-- Assigned task --
Could you copy exactly the lines below from the one with "ATF Type t4 артикул." to the one with "installed cold air", inclusive, leaving out any pictures?

-- Data section --
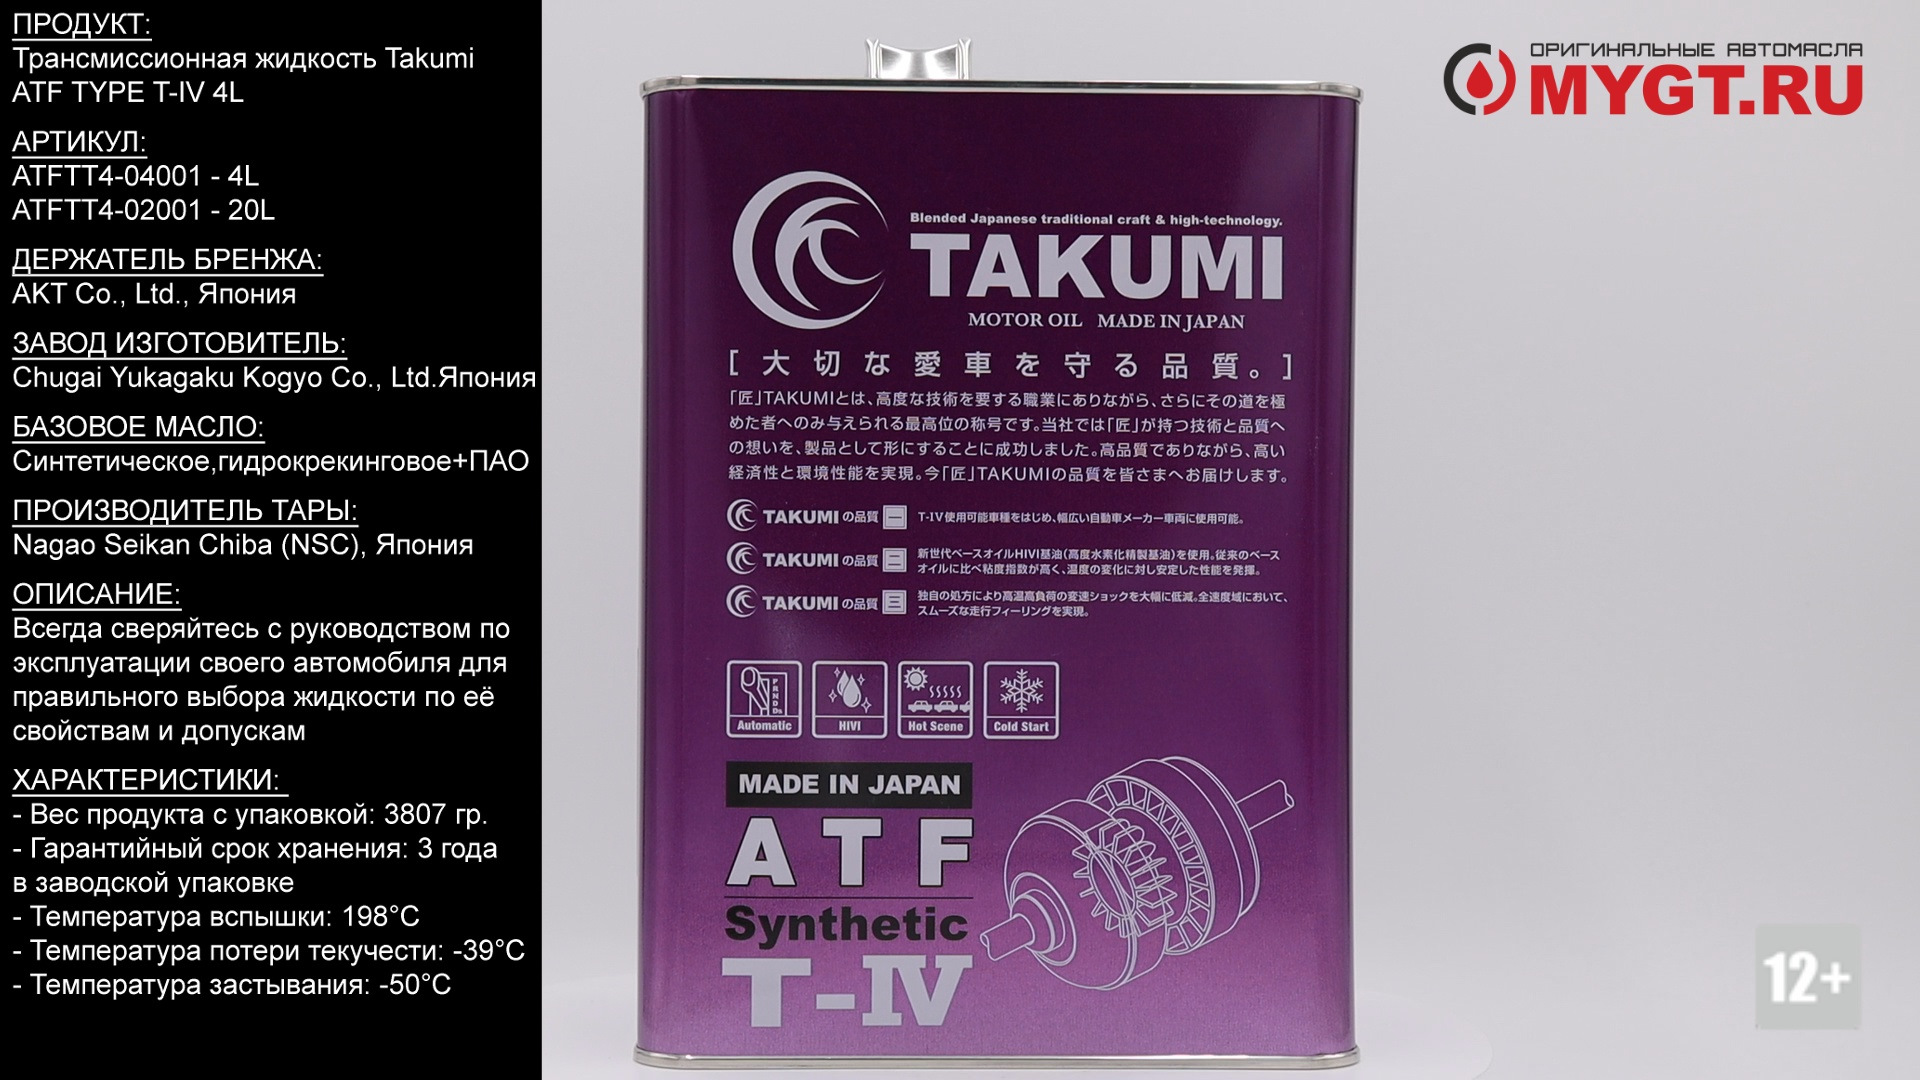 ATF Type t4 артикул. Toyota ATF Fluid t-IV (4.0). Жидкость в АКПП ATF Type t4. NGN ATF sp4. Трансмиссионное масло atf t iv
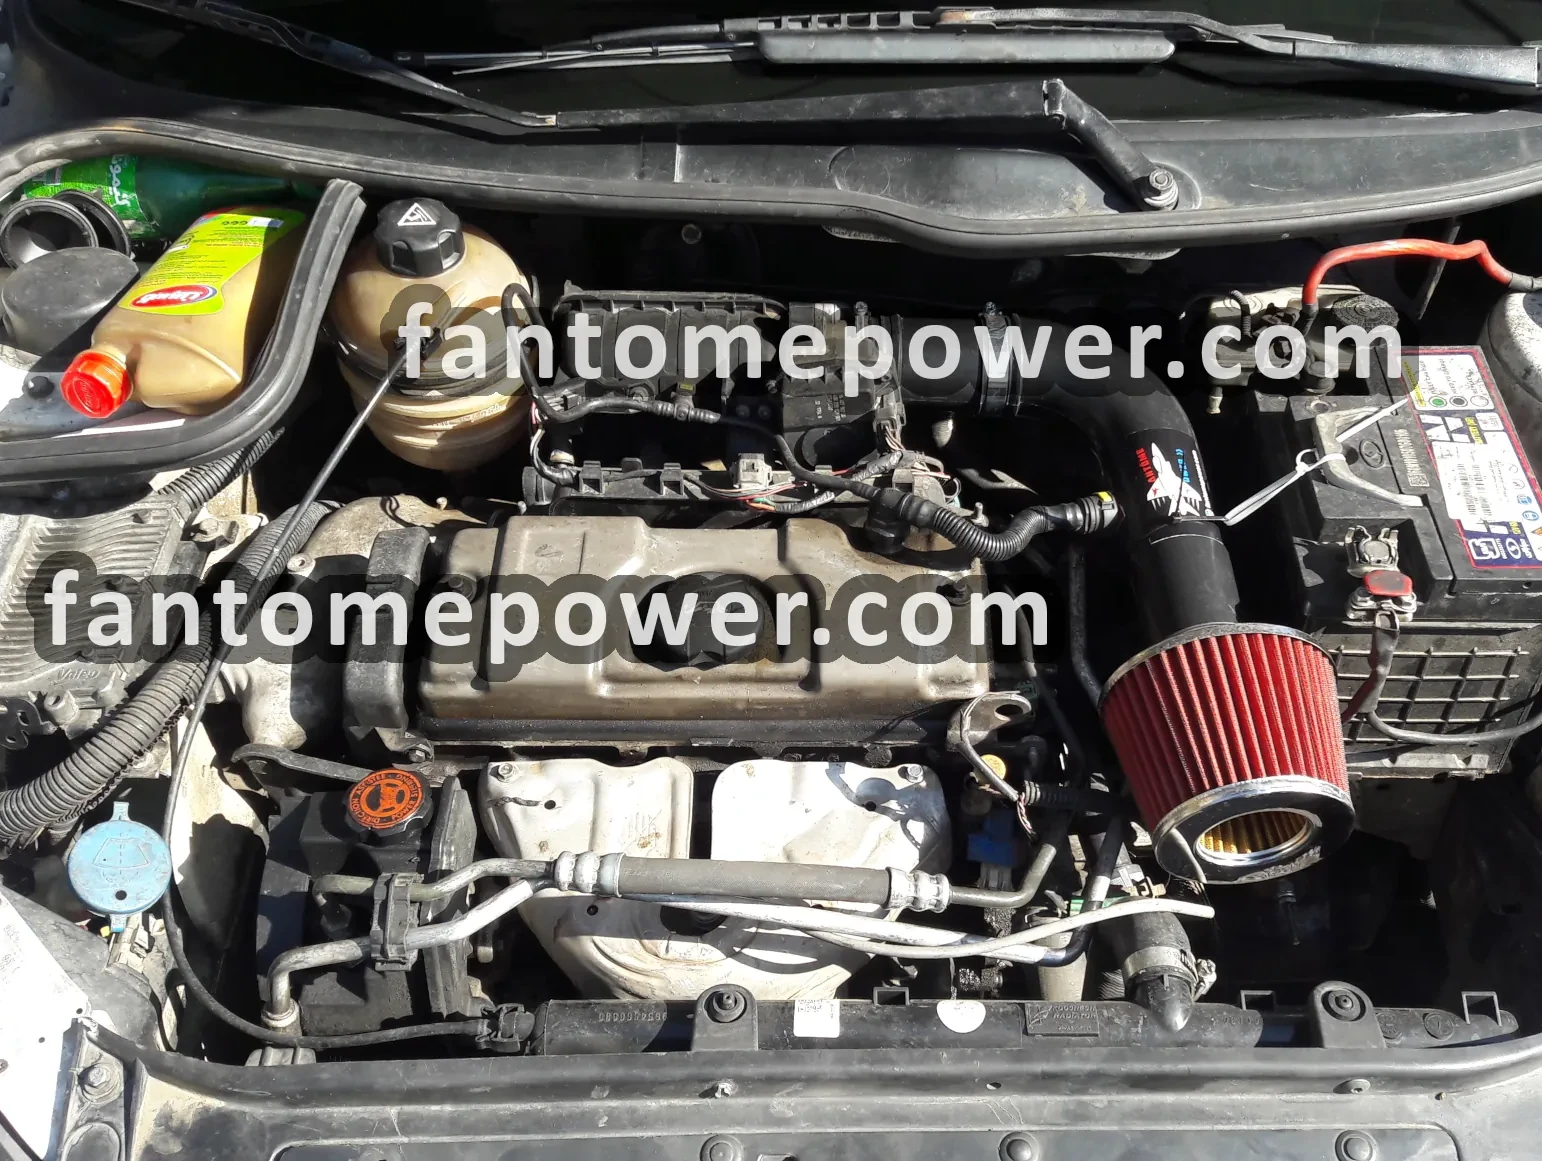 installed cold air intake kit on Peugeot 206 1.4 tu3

--

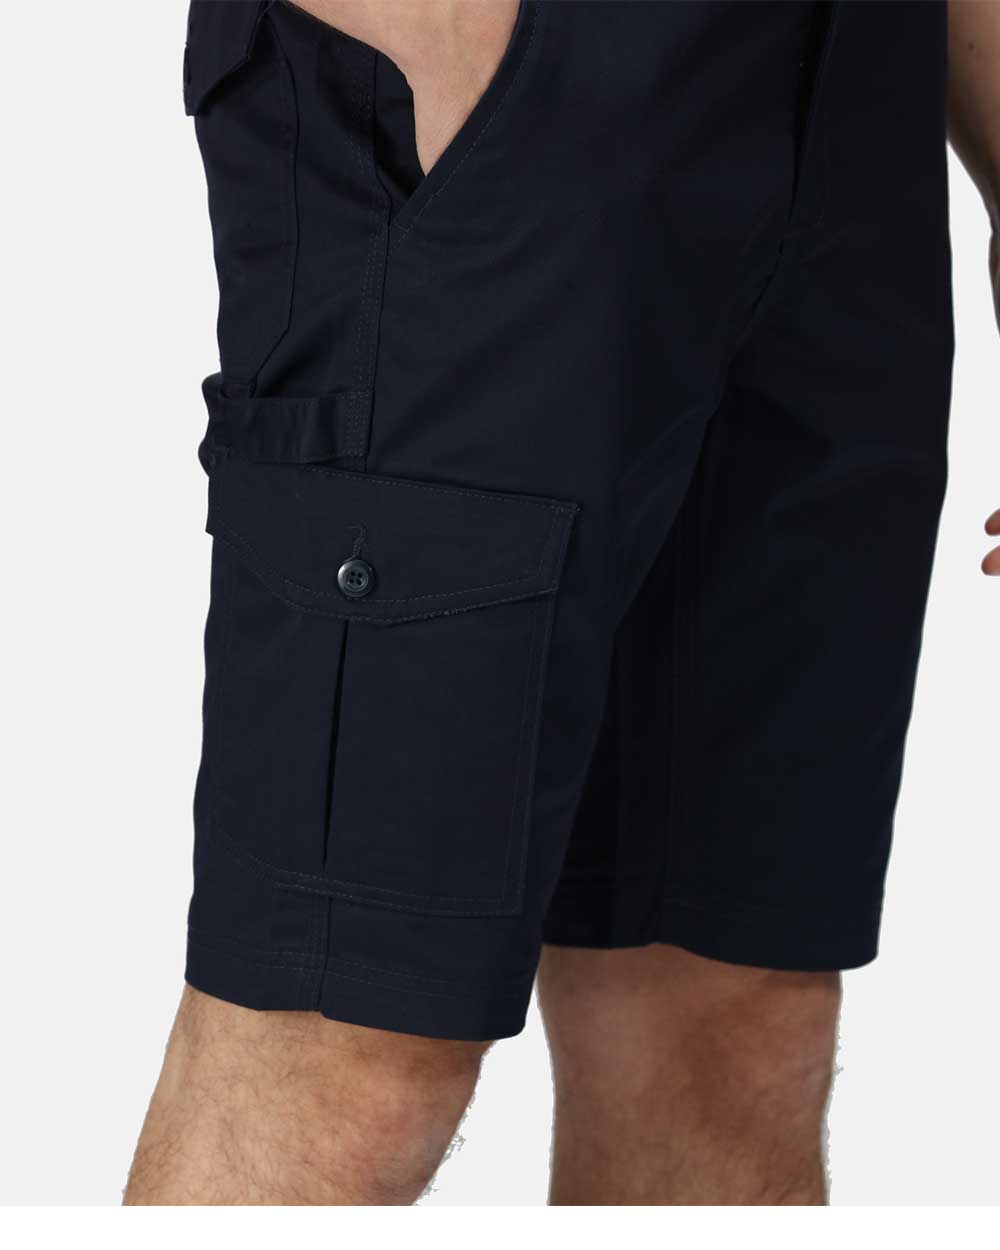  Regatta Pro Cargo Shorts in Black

-- Task answer --
 ATF Type t4 артикул. Toyota ATF Fluid t-IV (4.0). Жидкость в АКПП ATF Type t4. NGN ATF sp4. Трансмиссионное масло atf t iv
 installed cold air intake kit on Peugeot 206 1.4 tu3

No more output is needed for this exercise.